Human cells derived from tumours, or normal tissues, can be maintained in in vitro 3D organoids and banks of organoids have previously been established for colorectal and prostate cancers. This studentship aims to develop culture conditions suitable for long-term in vitro organoid culture of patient-derived bladder cancer tissues, and create a bank of organoids representing the full range of molecular subtypes now known to exist. Cancer subtypes show variable sensitivity to therapeutics but PDX models are not suitable for rapid drug sensitivity assessment for individual patients. After the bank of organoids has been established they will be used in combination with a novel microfluidics platform for drug sensitivity studies. Initial experiments will look to demonstrate comparability to pre-existing PDX models before the organoids are used for rapid evaluation of patient samples in drug sensitivity studies.

Application abstract

Recent genome sequencing and expression analyses have defined multiple molecular subtypes of bladder cancer. Available cell lines that are currently used for functional studies of specific genes and for preclinical drug development have limited representation of these subtypes.
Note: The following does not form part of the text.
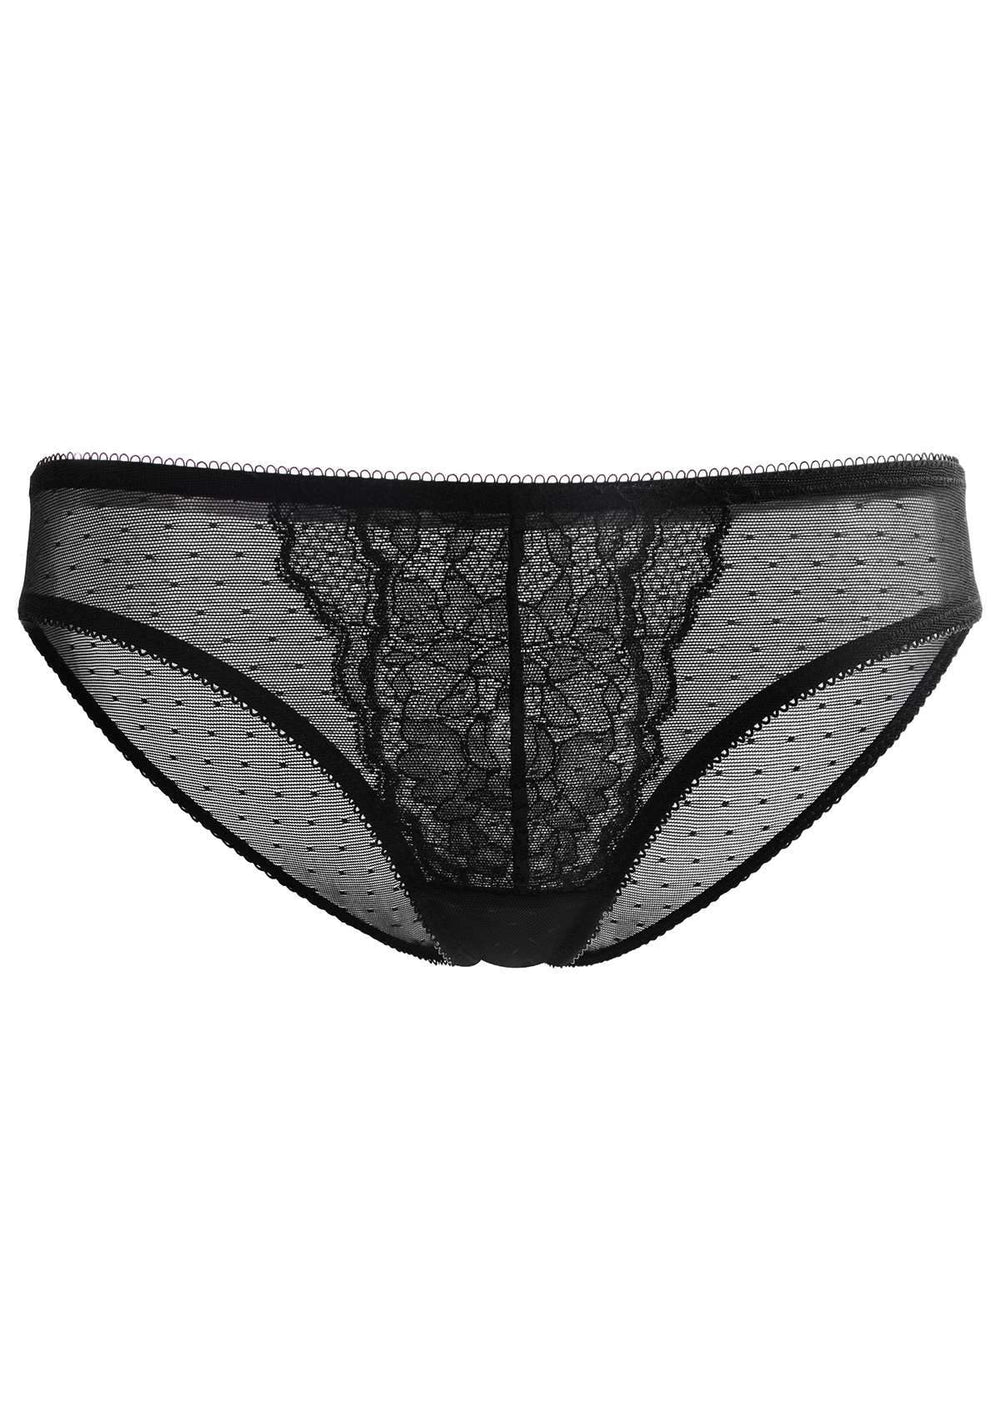 Ladies Sheer Mesh Transparent Net Sexy Knickers Panties Briefs Elasticated  8-12

Several groups and commercial providers are developing panels of patient-derived xenograft (PDX) models, which provide more faithful representation of human bladder tumours than cell line models. However these use many animals, are costly, time-consuming and not suitable for high throughput or rapid assessment of drug sensitivity for individual patients. The urgent need for new therapies for bladder cancer combined with increased molecular understanding has led to a rapid increase in animal use despite the limitations of these models. Of a total of 297 publications on bladder cancer that have used cell line or PDX models, 112 were published since 2014.

Our aim is to develop a bank of tumour-derived organoids that can replace these models and ultimately provide faithful representation of all molecular subtypes of bladder cancers, including rare variants. In parallel, we will develop microfluidics-based platforms that can assay drug sensitivity at high throughput using these models. We will use existing PDX-derived tissues with known drug sensitivities to validate this approach. 

These models will be suitable to replace animal use for an estimated 75% of animal studies on bladder cancer that are aimed at understanding specific gene function or development and testing of drugs, particularly in the pharmaceutical industry. Such models have low cost, are highly scalable and provide rapid read-outs. We also hypothesise that single cells or organoids derived directly from clinical samples will allow immediate personalised assessment of drug sensitivity.